_PROBLEM TO WORK ON_.
Go to the line with "Leather olive green" in the records below, then output it and each following line exactly, up to and including the line with "D20583-2-517372-0". Skip pictures and add nothing.

_DATA IN THIS EXERCISE_.
┌────────

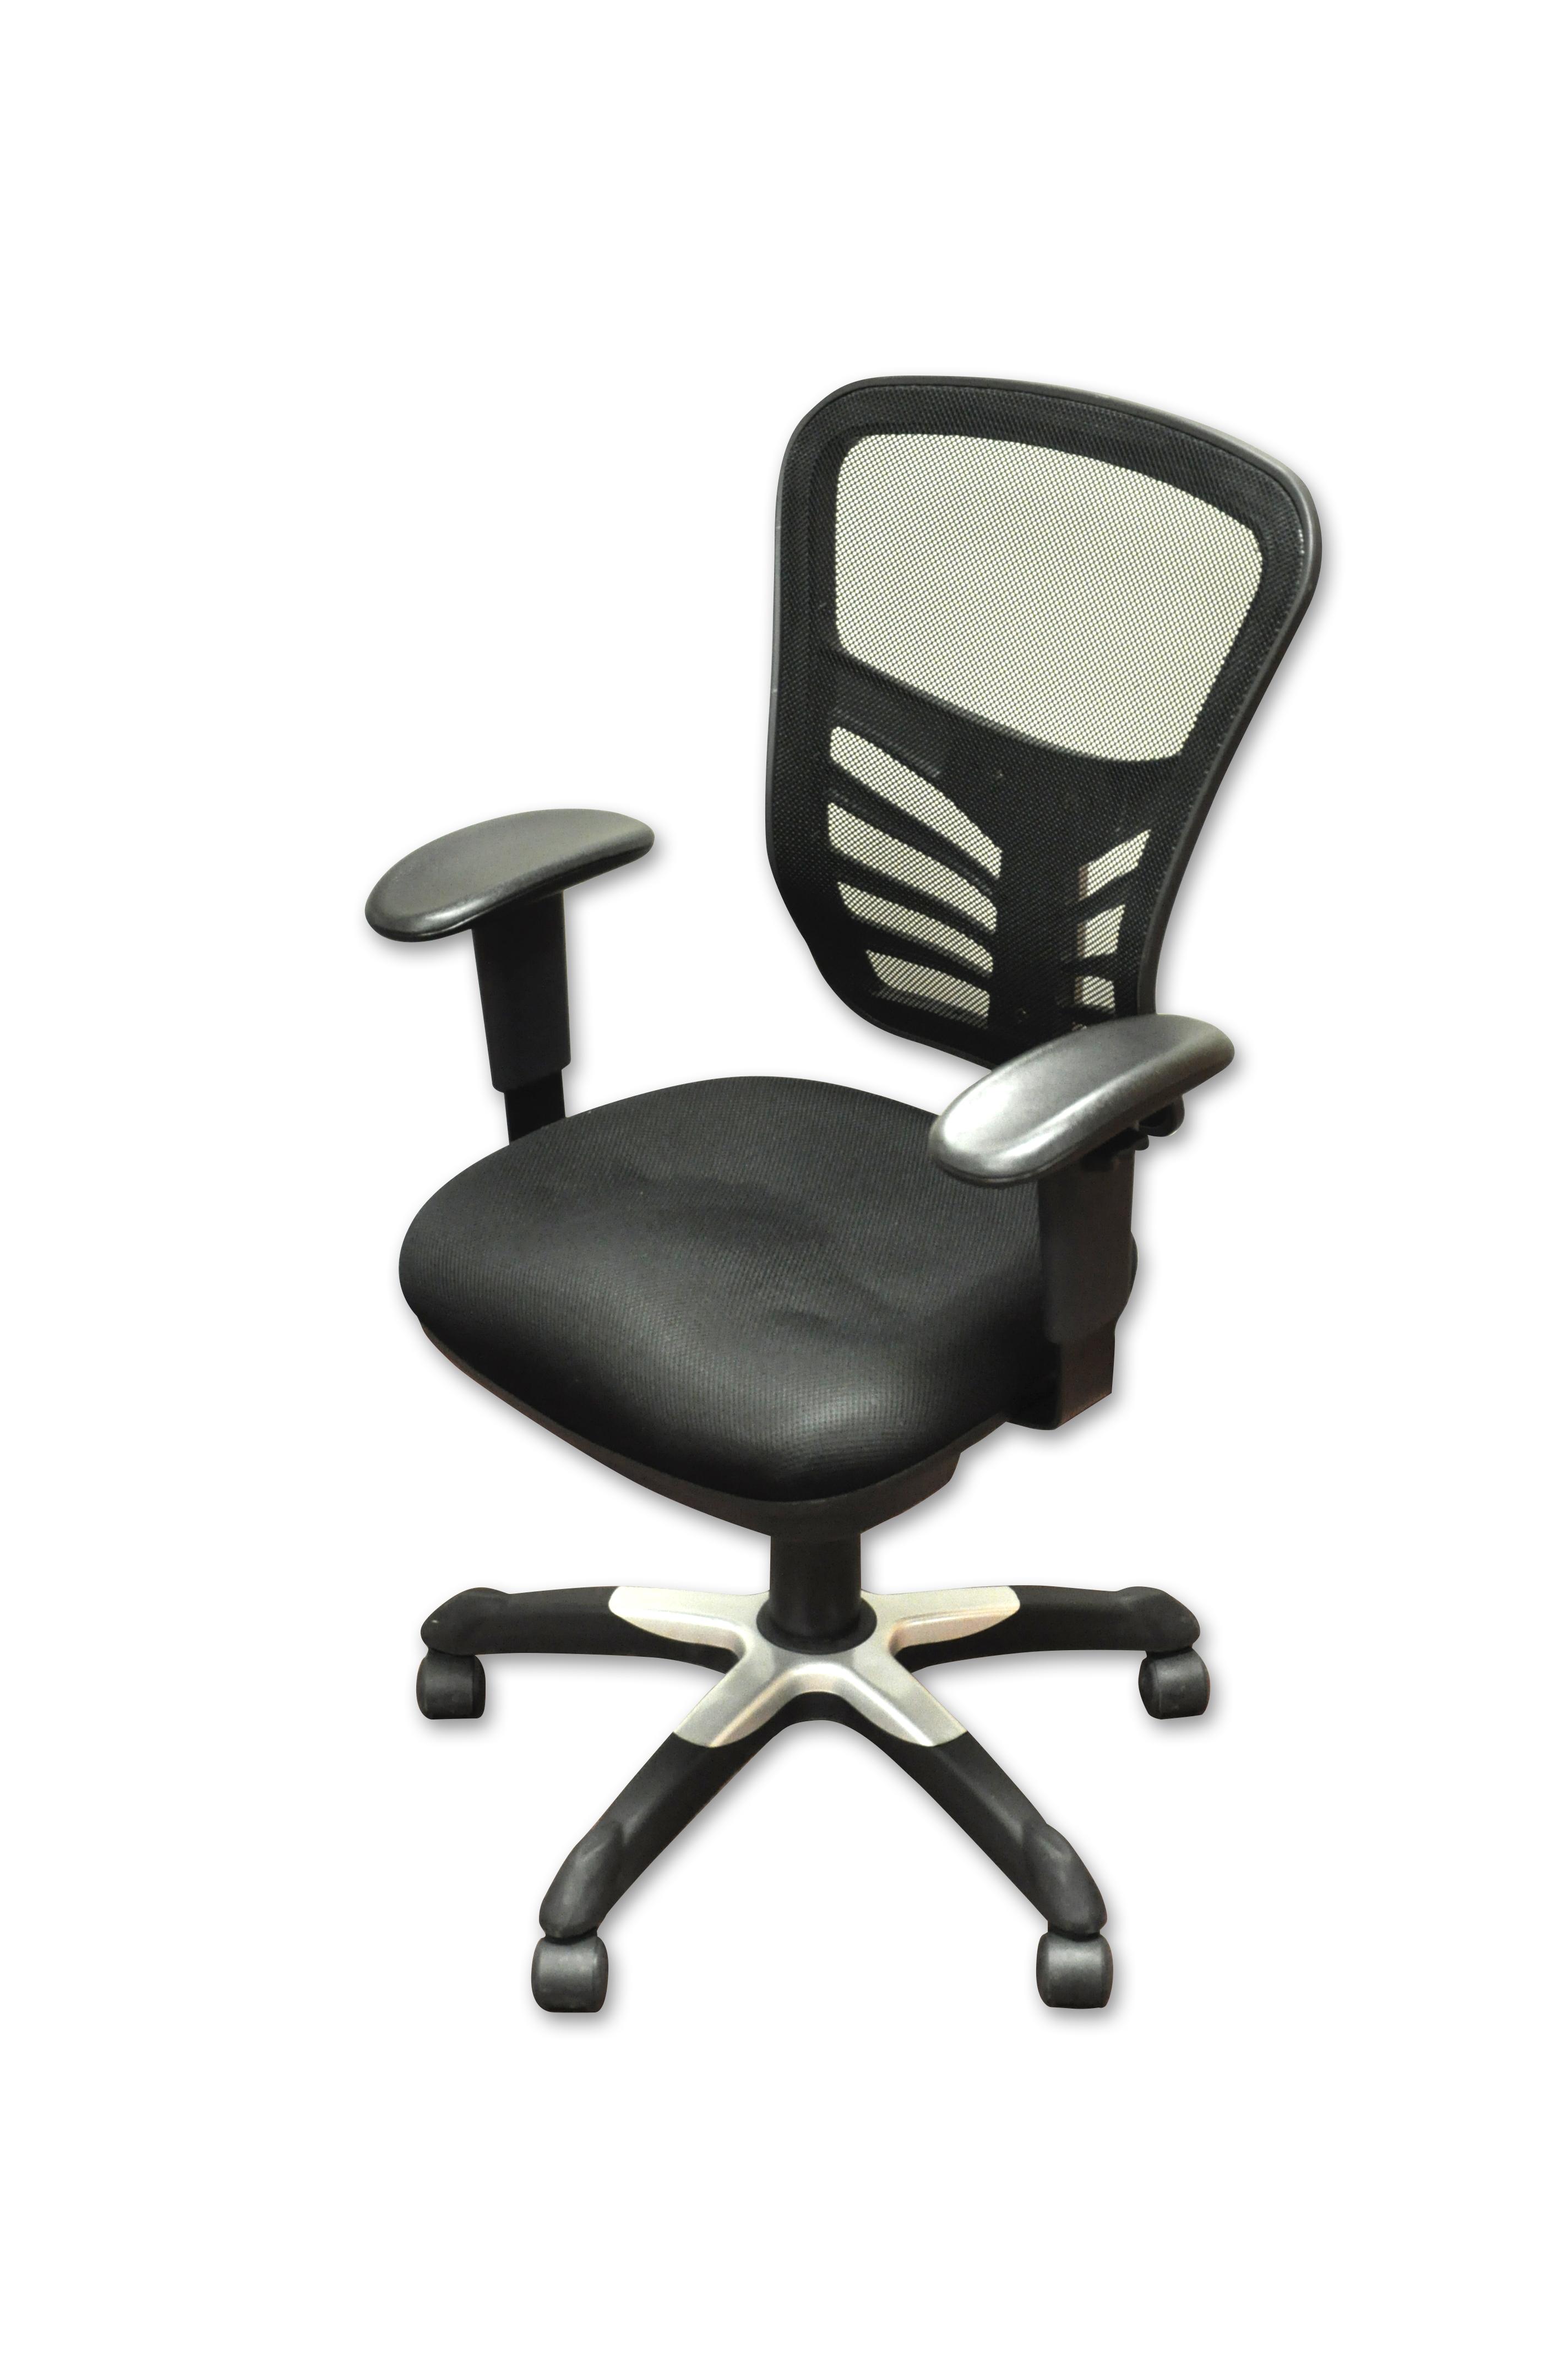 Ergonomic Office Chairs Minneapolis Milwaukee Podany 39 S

└────────
┌────────

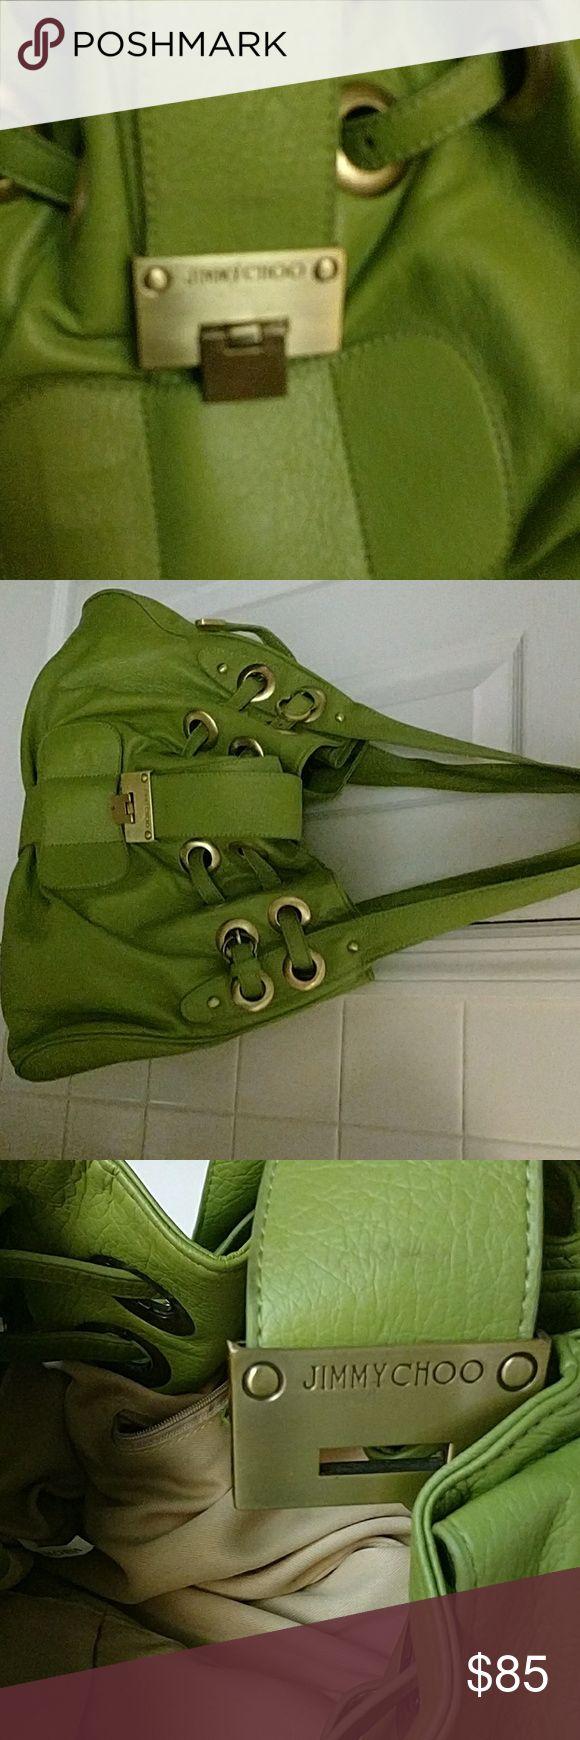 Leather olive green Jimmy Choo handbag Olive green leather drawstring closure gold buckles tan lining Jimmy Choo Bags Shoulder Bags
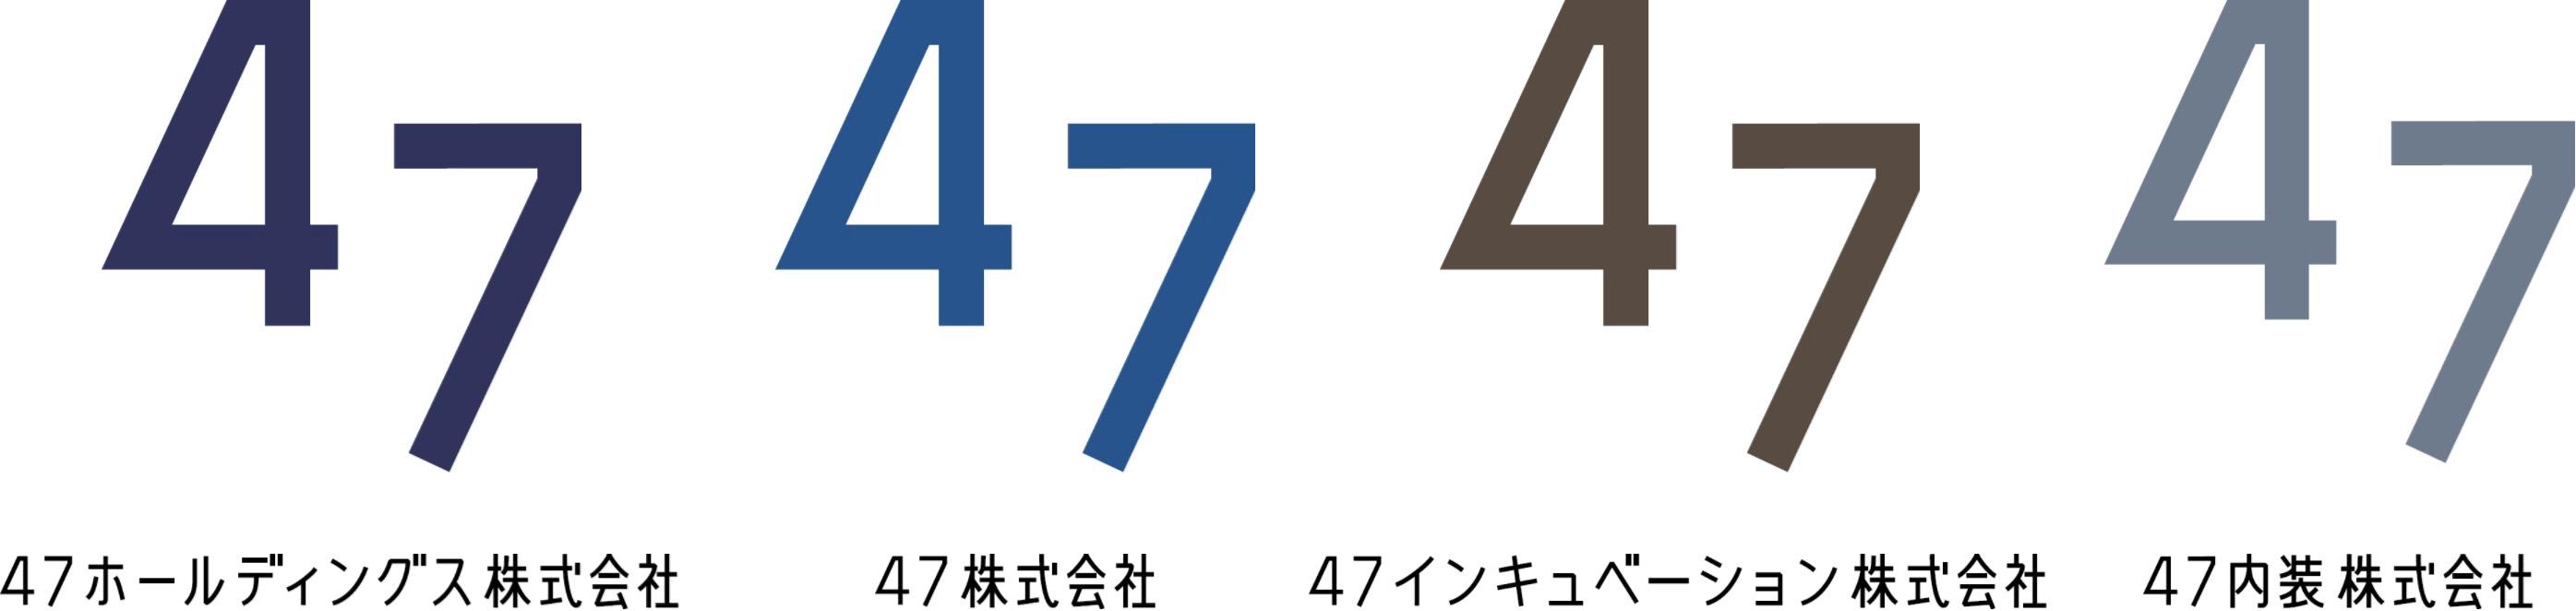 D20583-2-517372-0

└────────

_SOLUTION TO THIS TASK_.
 Leather olive green Jimmy Choo handbag Olive green leather drawstring closure gold buckles tan lining Jimmy Choo Bags Shoulder Bags
 D20583-2-517372-0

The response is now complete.